Assignment:
Here the job is to transcribe the data exactly while omitting the images.

Supplied information:
= = = =

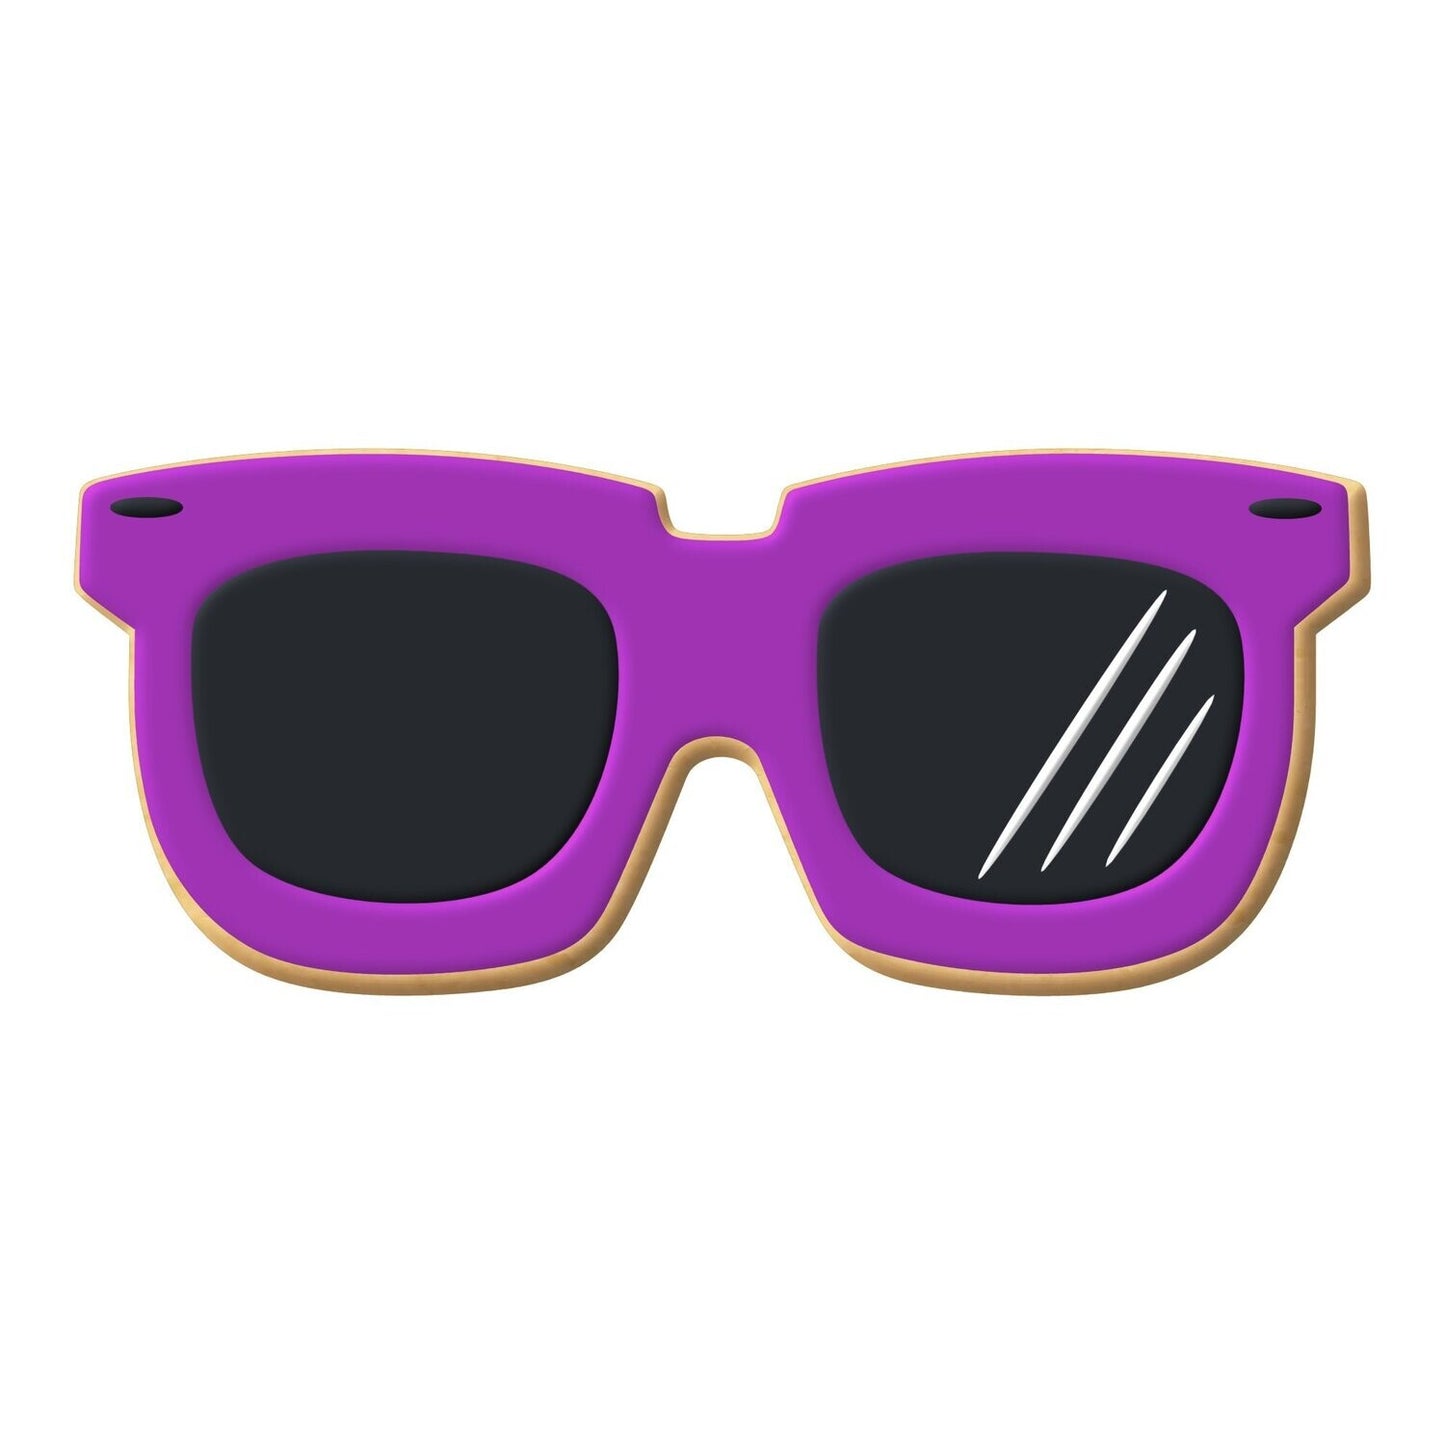 Sunglasses Cookie Cutter, 3.75"
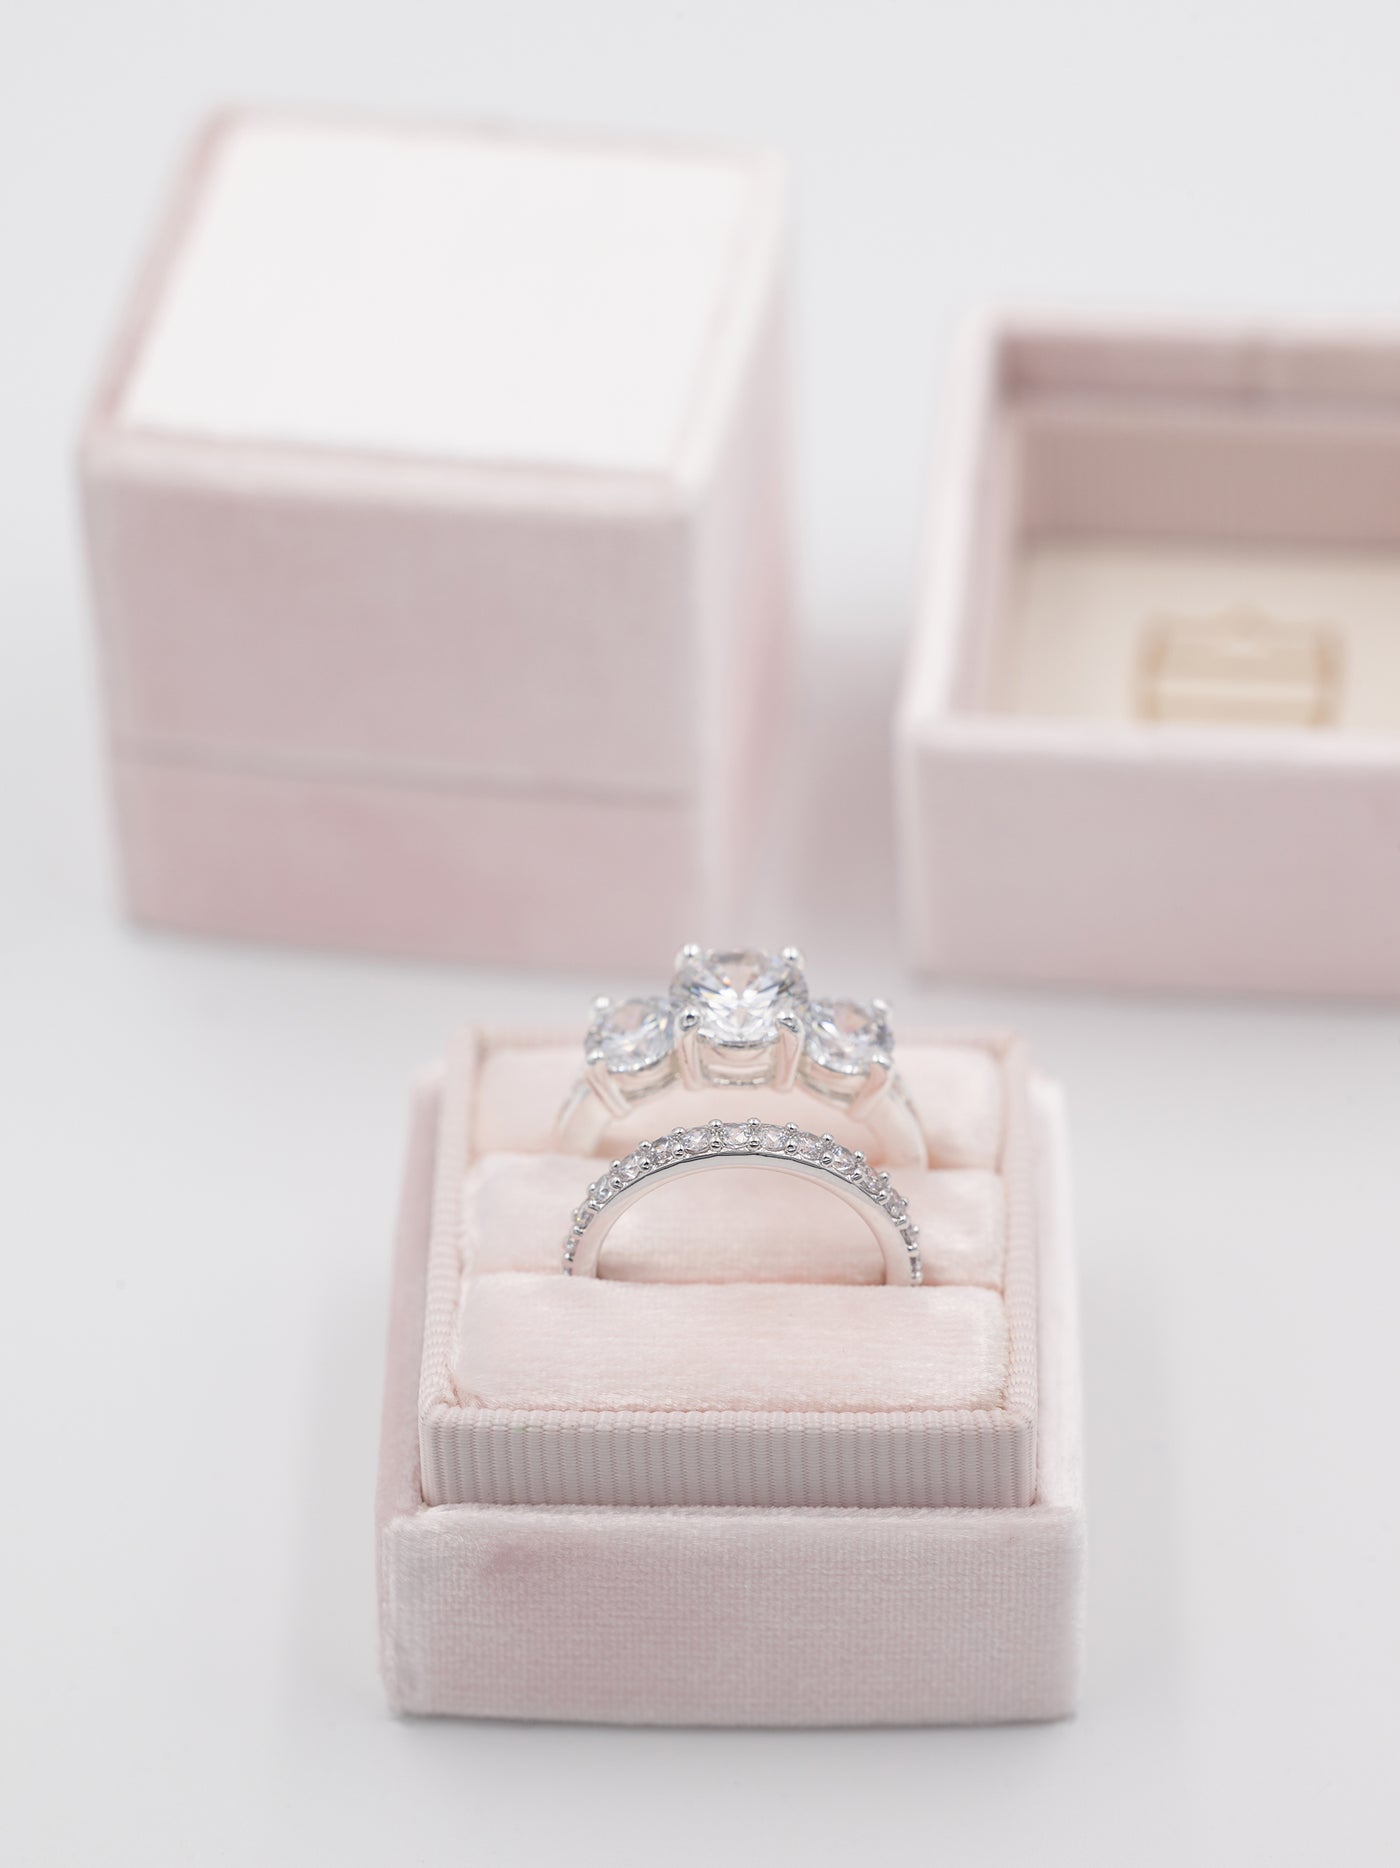 blush pink wedding engagement ring box wedding band
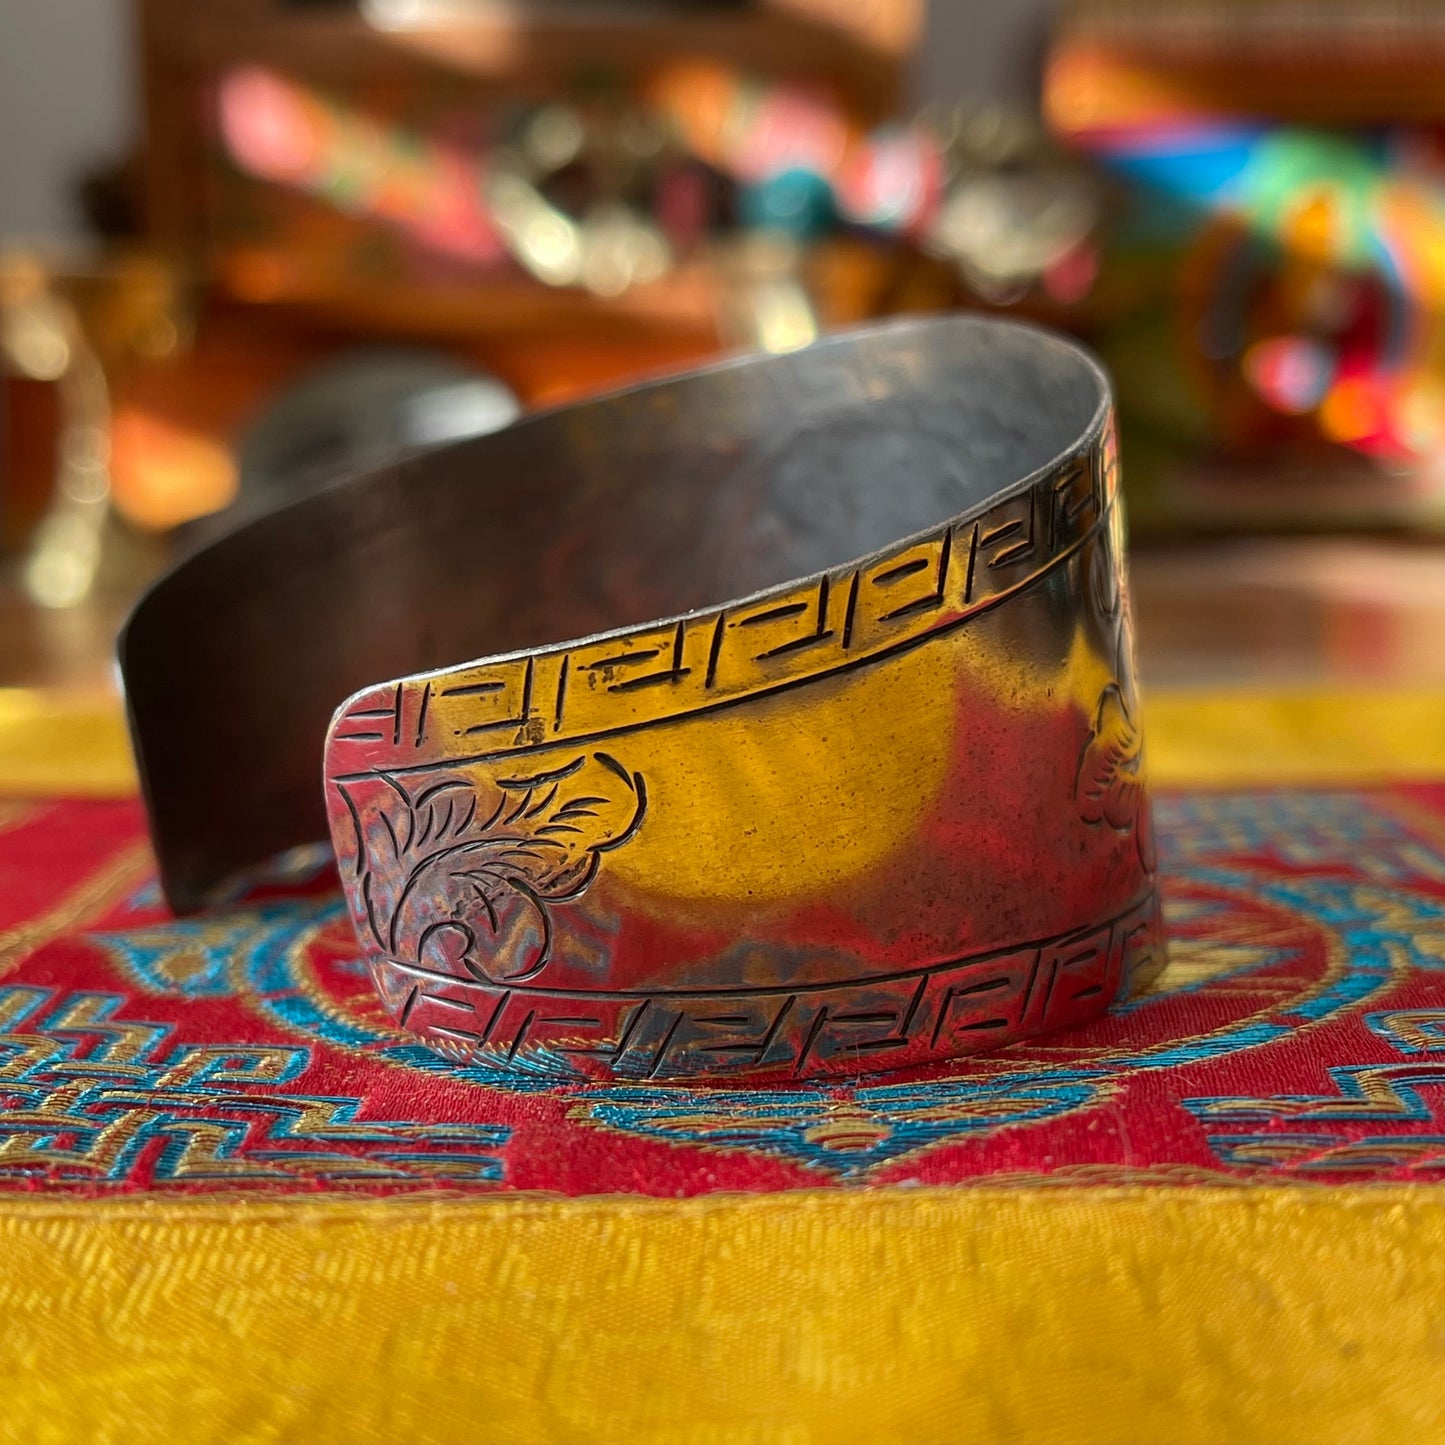 Etched Cuff Bracelet Endless Knot Buddhist bracelet

= = = =

Answer for the task:
 Sunglasses Cookie Cutter, 3.75"
 blush pink wedding engagement ring box wedding band
 Etched Cuff Bracelet Endless Knot Buddhist bracelet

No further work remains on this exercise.